I am so excited, because I think I may have found a very close recipe for the 5th Avenue chicken and pasta dish that was at La Boulangerie in Grenada! If you didn't ever try this dish while in Grenada, you should still try this recipe, because it is so easy and tasty! Here are the details-

- 1 jar 25 oz. of "Victoria's Vodka Sauce"
- Fresh sliced mushrooms (or you can use a can of sliced mushrooms too)
- 1 Tbsp Olive Oil
- Chicken (diced up)
- Penne Pasta (you can use any kind though)

Cut up the chicken and cook it in a pan with 1 tablespoons of olive oil until cooked through. Add the mushrooms and cook for a minute, then add the Vodka sauce and mix together and cook for about 10 more minutes.

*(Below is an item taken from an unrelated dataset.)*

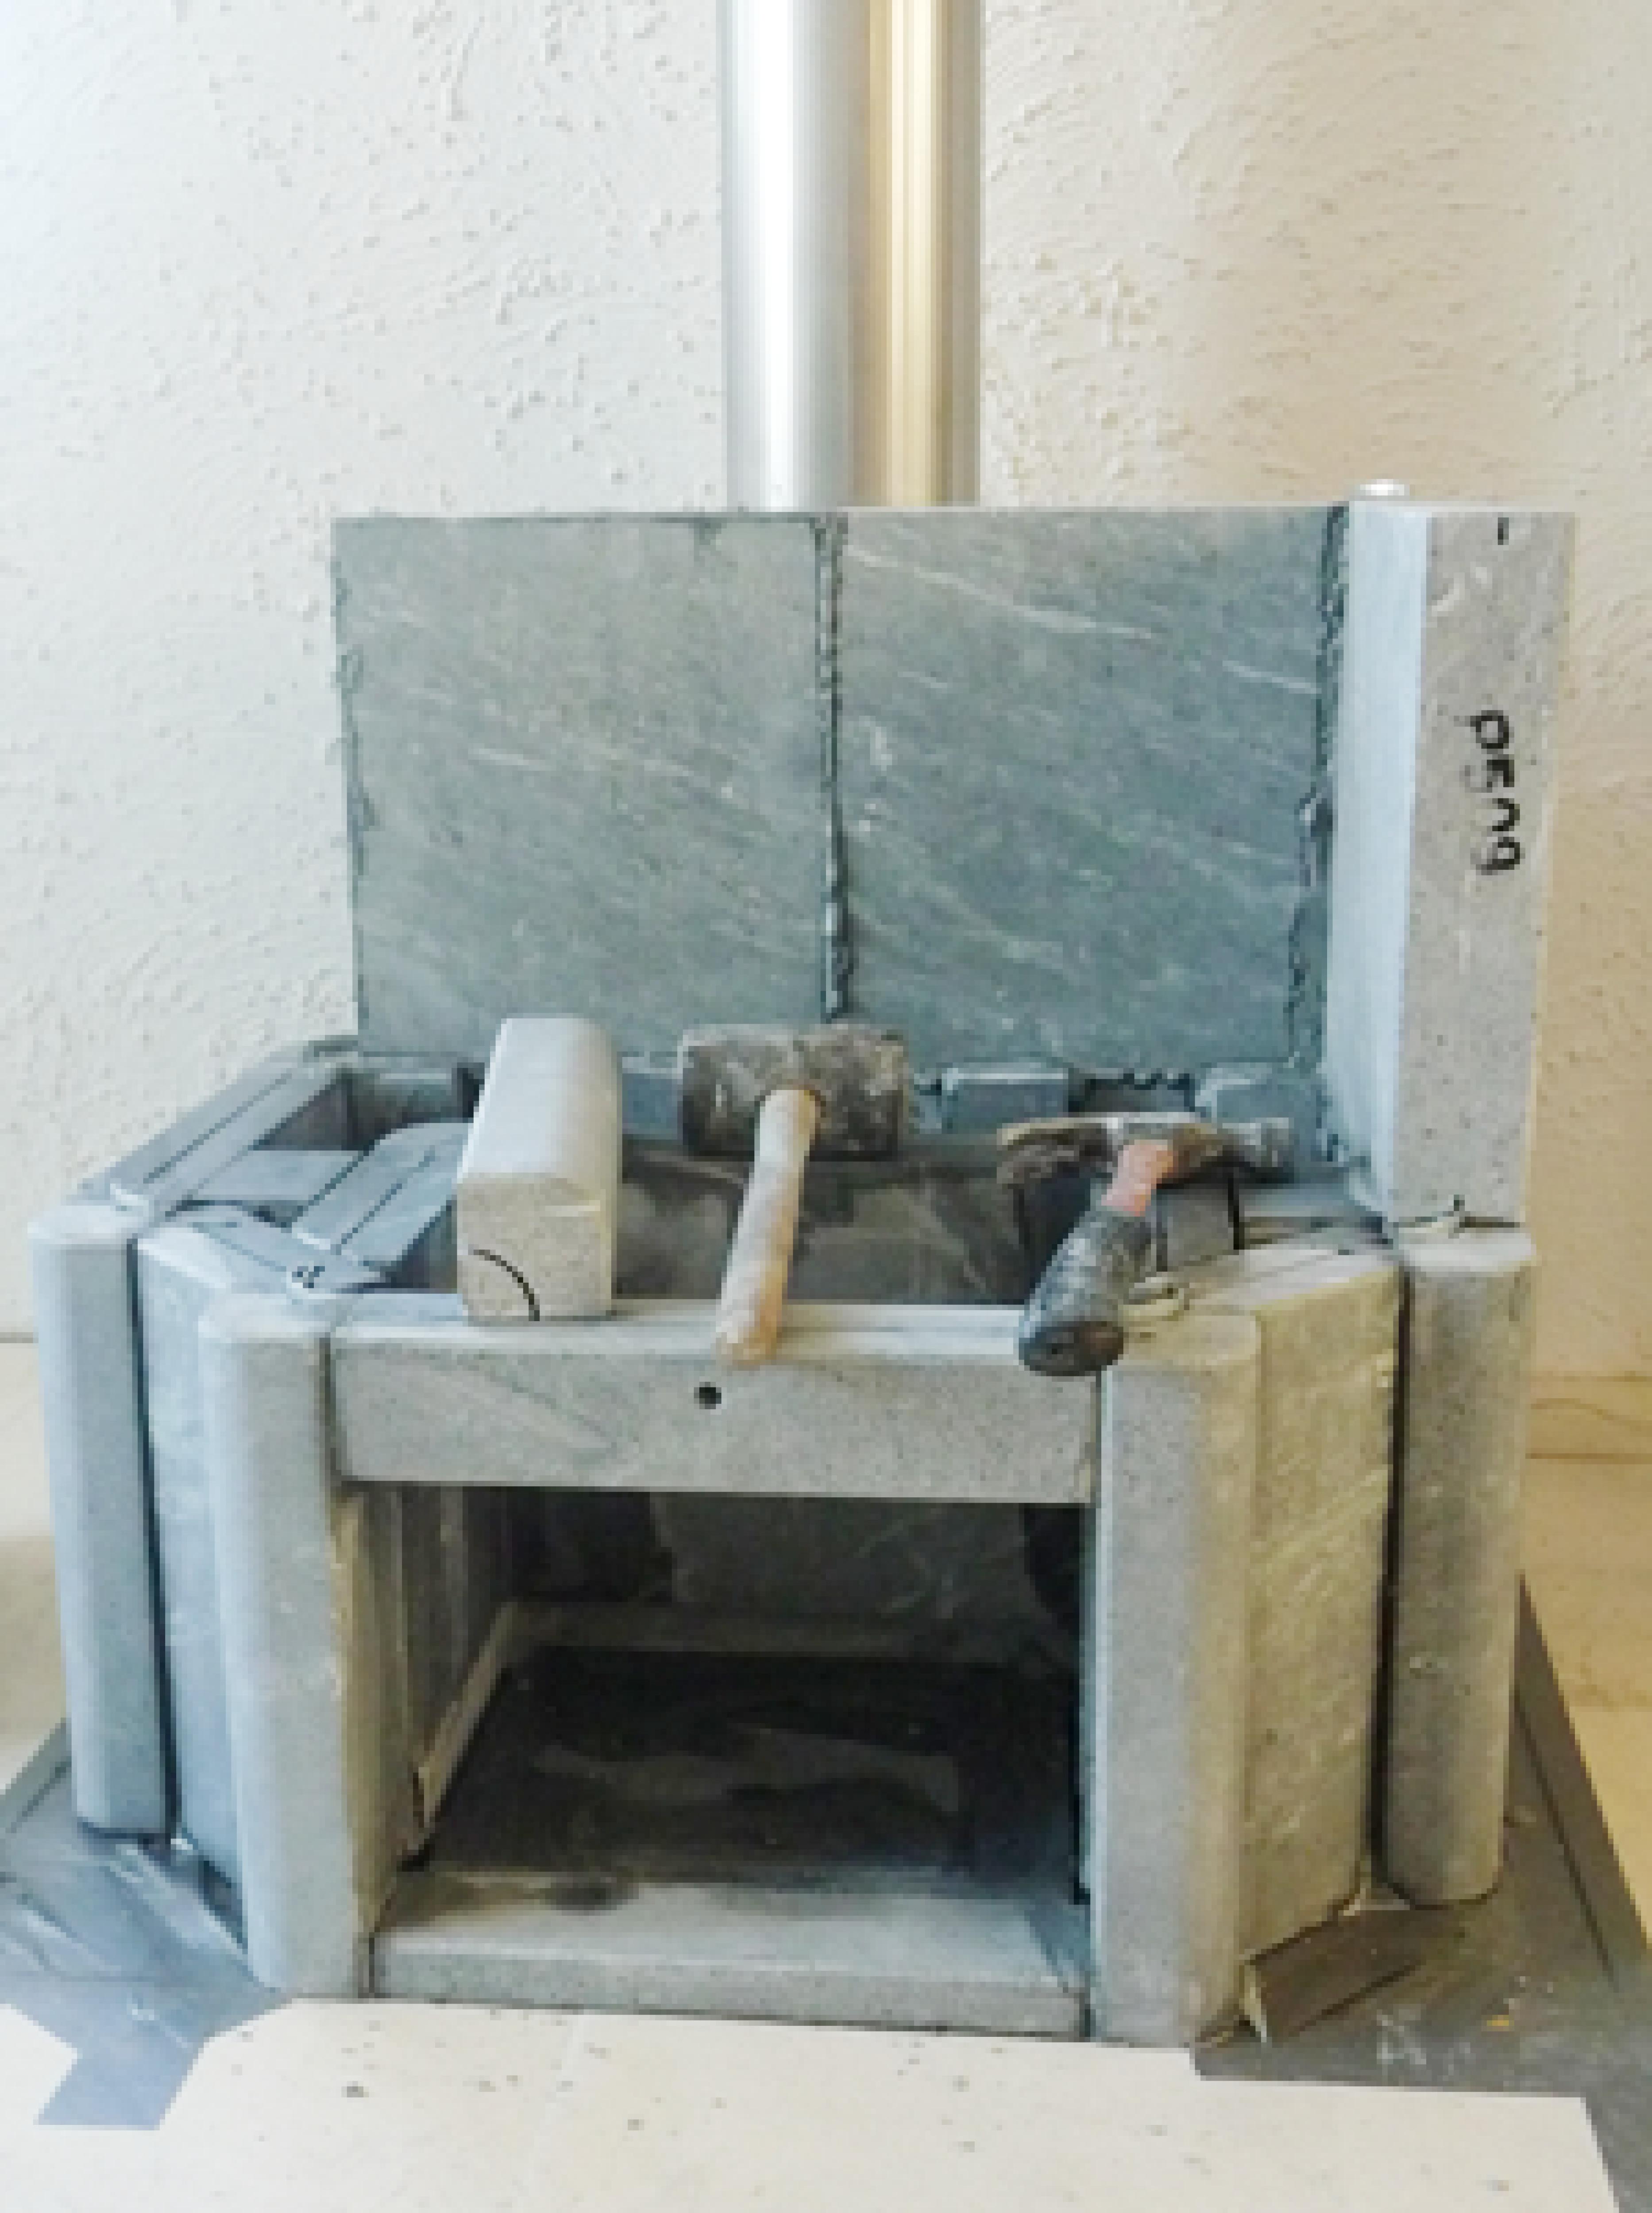 tibas-okmi-installatie-montage-3

Cook pasta at the same time and then lay sauce mixture over pasta! So easy!!


Amanda's Menu Monday

Monday- spaghetti

Tuesday- Crockpot Cashew Chicken, rice (Trying it for the first time this week)

Wednesday- Chicken rolls, mashed potatoes and gravy and peas

Thursday- leftovers

Friday- french bread pizza

Saturday- Ward Halloween Party

Sunday- Dutch short ribs, mashed potatoes, peas

I don't even know if you guys are still doing this menu thing, but I thought I would add mine if for nothing more than to have a place where my menu is listed that doesn't get ruined or accidently thrown away. haha.

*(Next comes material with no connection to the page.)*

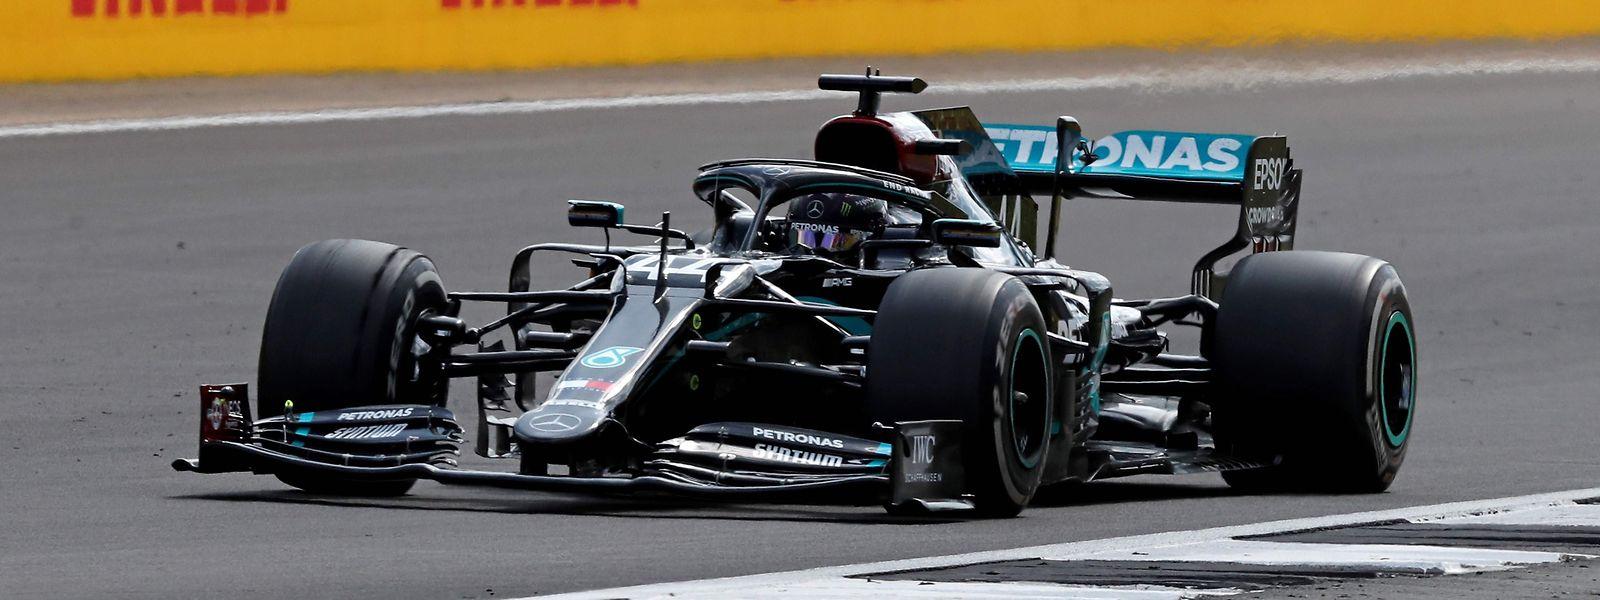 Lewis Hamilton dominiert nach Belieben.

Dark Chocolate Rasberry Muffins!

One-Bowl Oatmeal Muffins: Basic Recipe (From Simple Bites website

These are amazing, I just made them last night and had to share! It is a yummy fresh summer bite to eat :) Enjoy girls!


Picture from Simple Bites
Oatmeal is one of the constants in the recipe and provides, in my opinion, necessary texture.
Be sure to read the recipe all the way through before getting started. You will note that the oats soak in the milk 1 hour prior to assembling the rest of the ingredients, so take that into consideration before starting out.
Makes 12 medium muffins
  • 1 cup milk*
  • 1 teaspoon white vinegar
  • 1 cup rolled oats (not quick oats)
  • 1 large egg, at room temperature
  • ¼ cup dark brown sugar
  • ½ cup butter, melted and cooled slightly
  • 1 cup plus 2 Tablespoons all-purpose flour
  • ¼ teaspoon salt
  • 1 teaspoon baking powder
  • ½ teaspoon baking soda
  • 1/4 teaspoon nutmeg, freshly ground
  • 1/2 teaspoon cinnamon, freshly ground
  • add-ins of your choosing (see above suggestions) I used 1 cup of Rasberries, (fresh or frozen) and 1/2 cup of Dark Chocolate chips
  • other add in ideas:
  • 1 cup Raspberries, fresh or frozen & ½ cup Dark Chocolate, chunked or chips
  • ¾ cup Diced Apple (Granny Smith or Russet) and ½ cup toasted Walnuts, roughly chopped
  • ¾ cup Dried Cranberries & ½ cup toasted Pecans, roughly chopped
  • ¾ cup White Chocolate, chopped or chips & 1 cup Blueberries, fresh or frozen
  • ½ cup toasted unsweetened Coconut & ¾ cup Peanut-Butter Chips
  • 1 cup diced Rhubarb, fresh or frozen & ½ teaspoon Green Cardamom, freshly ground
  • ¾ cup Dates, pitted and chopped & ½ cup Pistachios
  • ¾ cup Golden Raisins & ¾ cup grated Carrot
Combine milk, vinegar and oats in a large bowl and let stand one hour.

Preheat the oven to 375°F. Grease a twelve-cup muffin tin and line with cupcake papers.
Crack the egg into the oat and milk mixture; add brown sugar and mix to combine. Stir in melted butter.

Sift remaining ingredients into the bowl: flour, salt, baking powder, baking soda, & spices. Gently fold into batter, taking care not to over mix.
Sprinkle add-in and flavorings of your choice and combine muffin batter gently.
Use a large ice cream scoop or 1/3 cup measuring cup to scoop batter into muffin tins. Bake until light brown and tops spring back when gently touched, about 10-12 minutes. Note: Muffins will take slightly longer to bake if you are adding fresh fruit such as blueberries or rhubarb.
Remove from oven and cool in tins. To remove, run a sharp knife around the edges and pop muffins out. Enjoy!
*You may also substitute 1 cup buttermilk, and then omit the vinegar from the recipe.